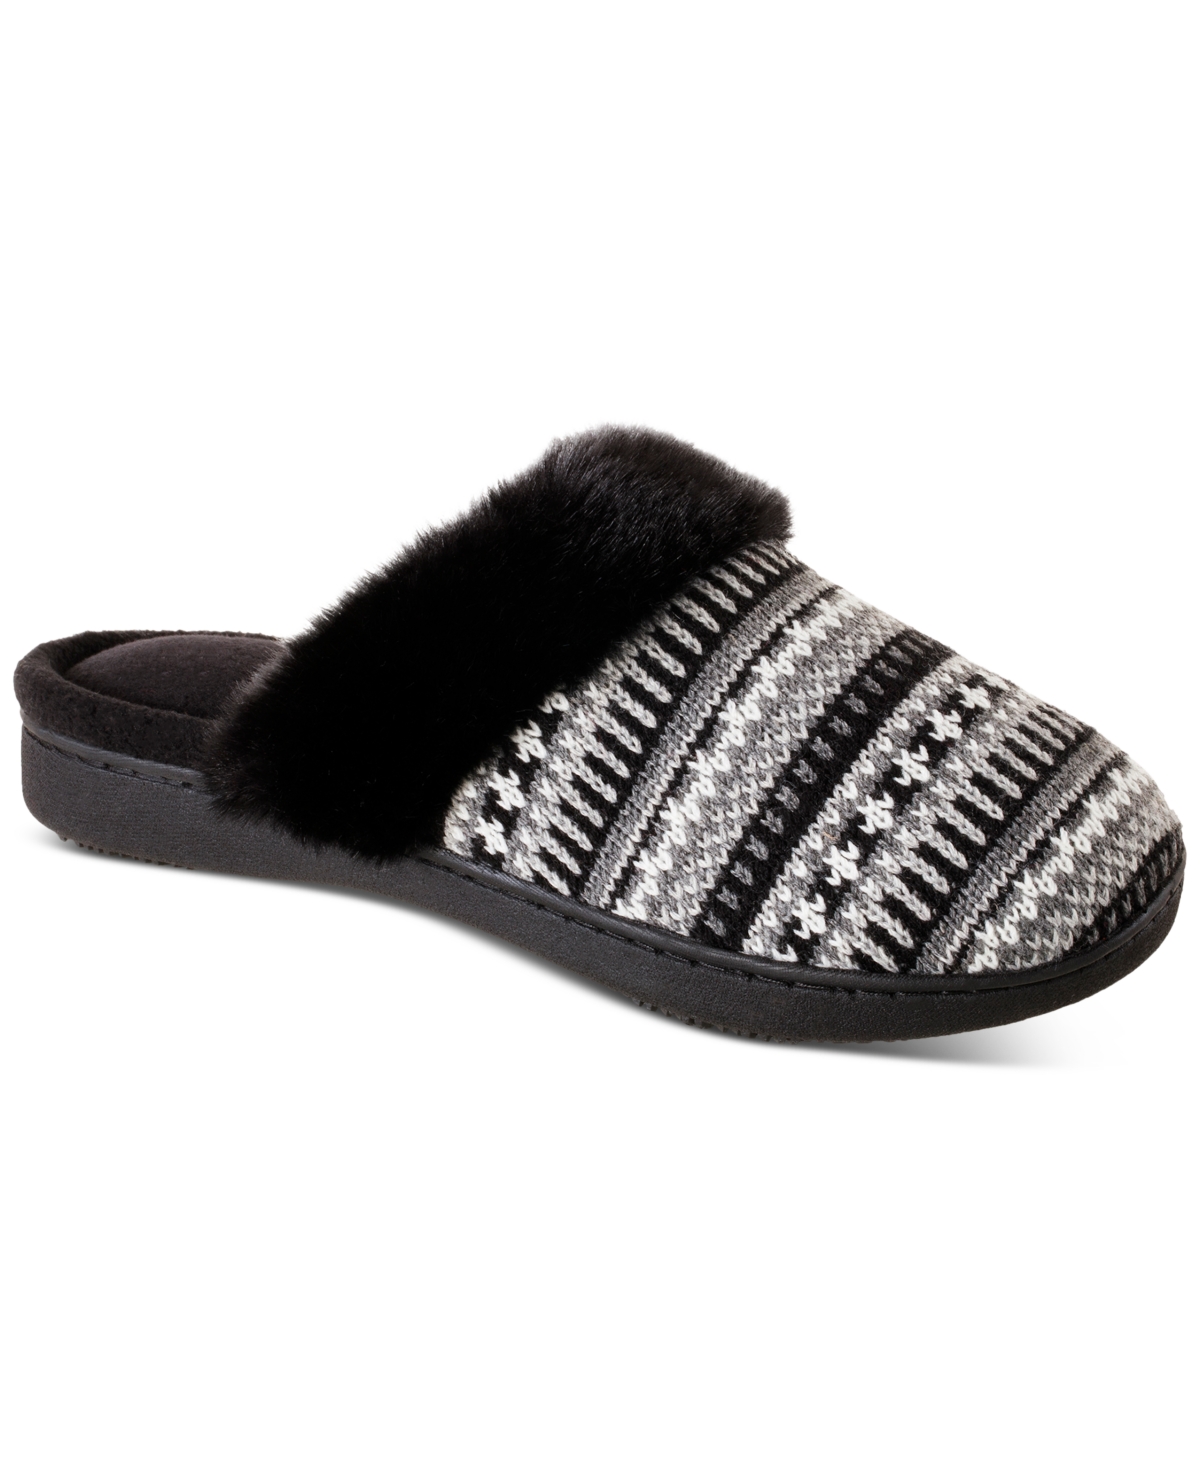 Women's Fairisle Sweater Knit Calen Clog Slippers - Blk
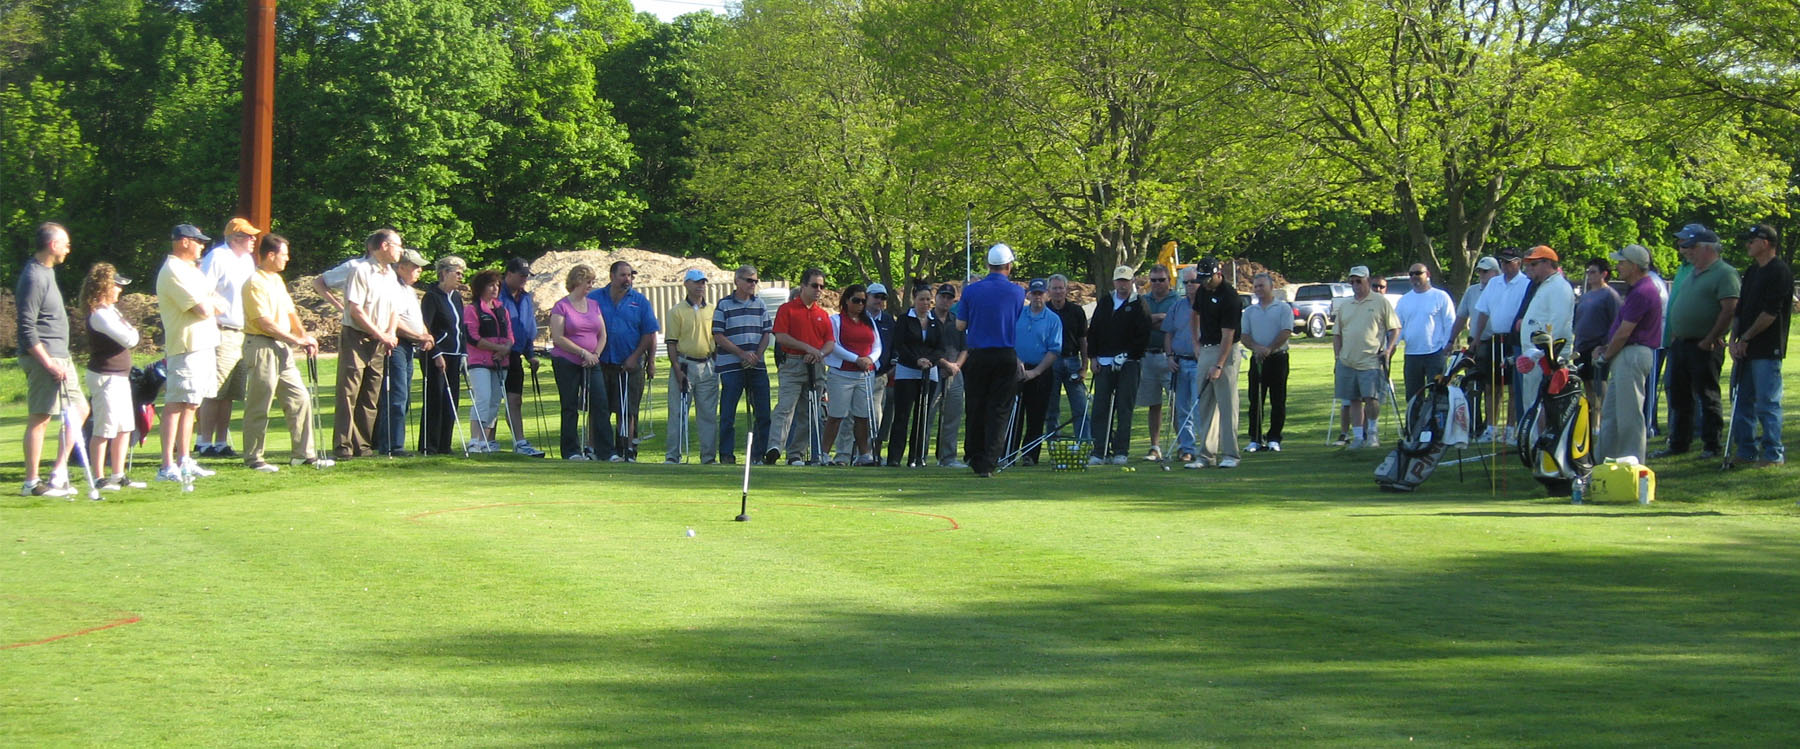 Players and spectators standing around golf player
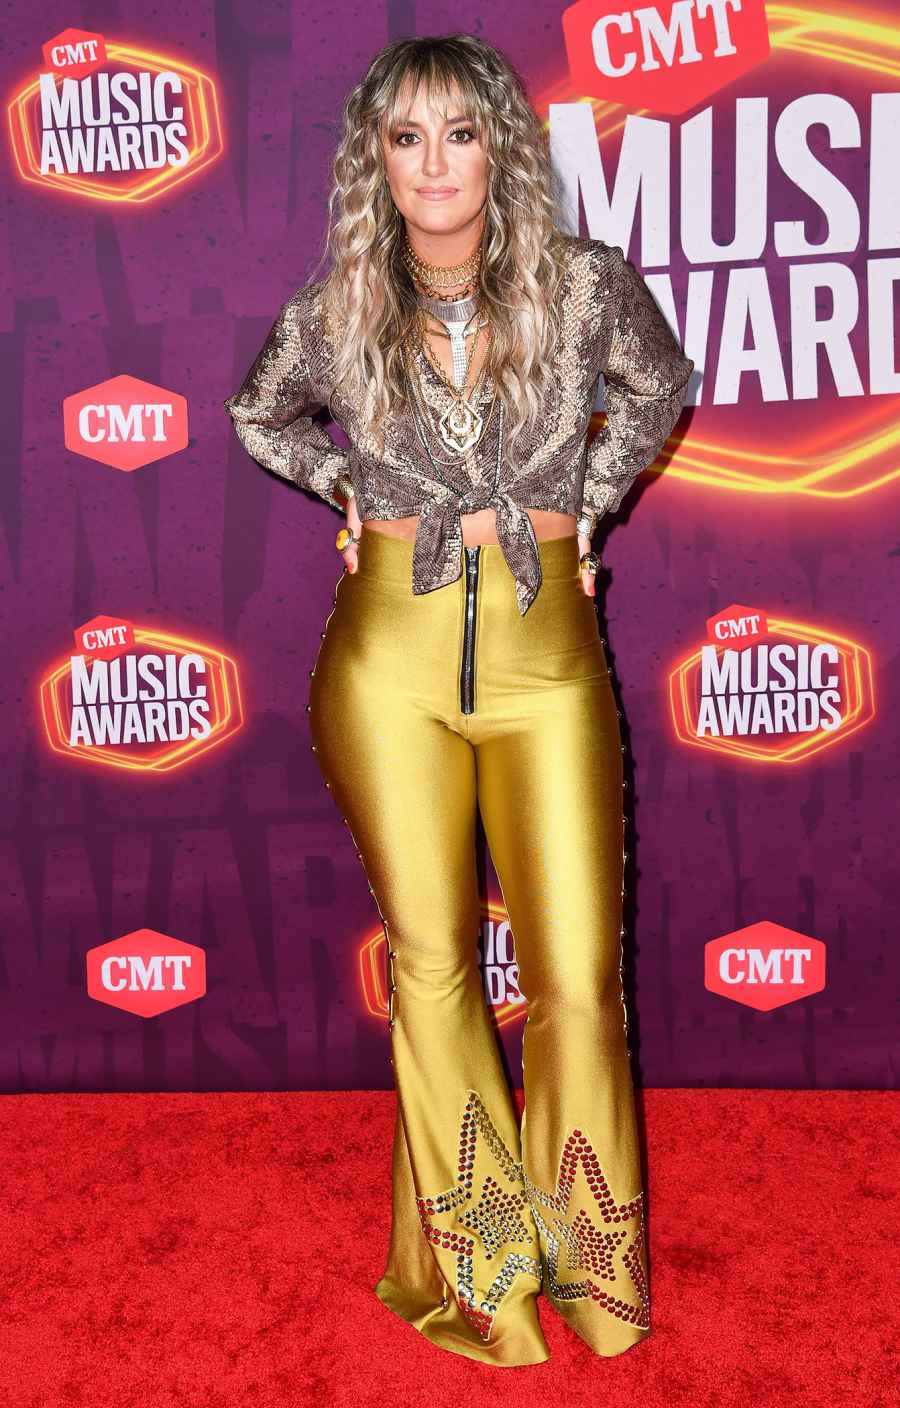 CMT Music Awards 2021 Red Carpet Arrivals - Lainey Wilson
====
## [TASK BRIEF]
Return the lines of the data above in full and exactly, with no pictures.

## [OUTPUT OF THE TASK]
 Women's Fairisle Sweater Knit Calen Clog Slippers - Blk
 Players and spectators standing around golf player
 CMT Music Awards 2021 Red Carpet Arrivals - Lainey Wilson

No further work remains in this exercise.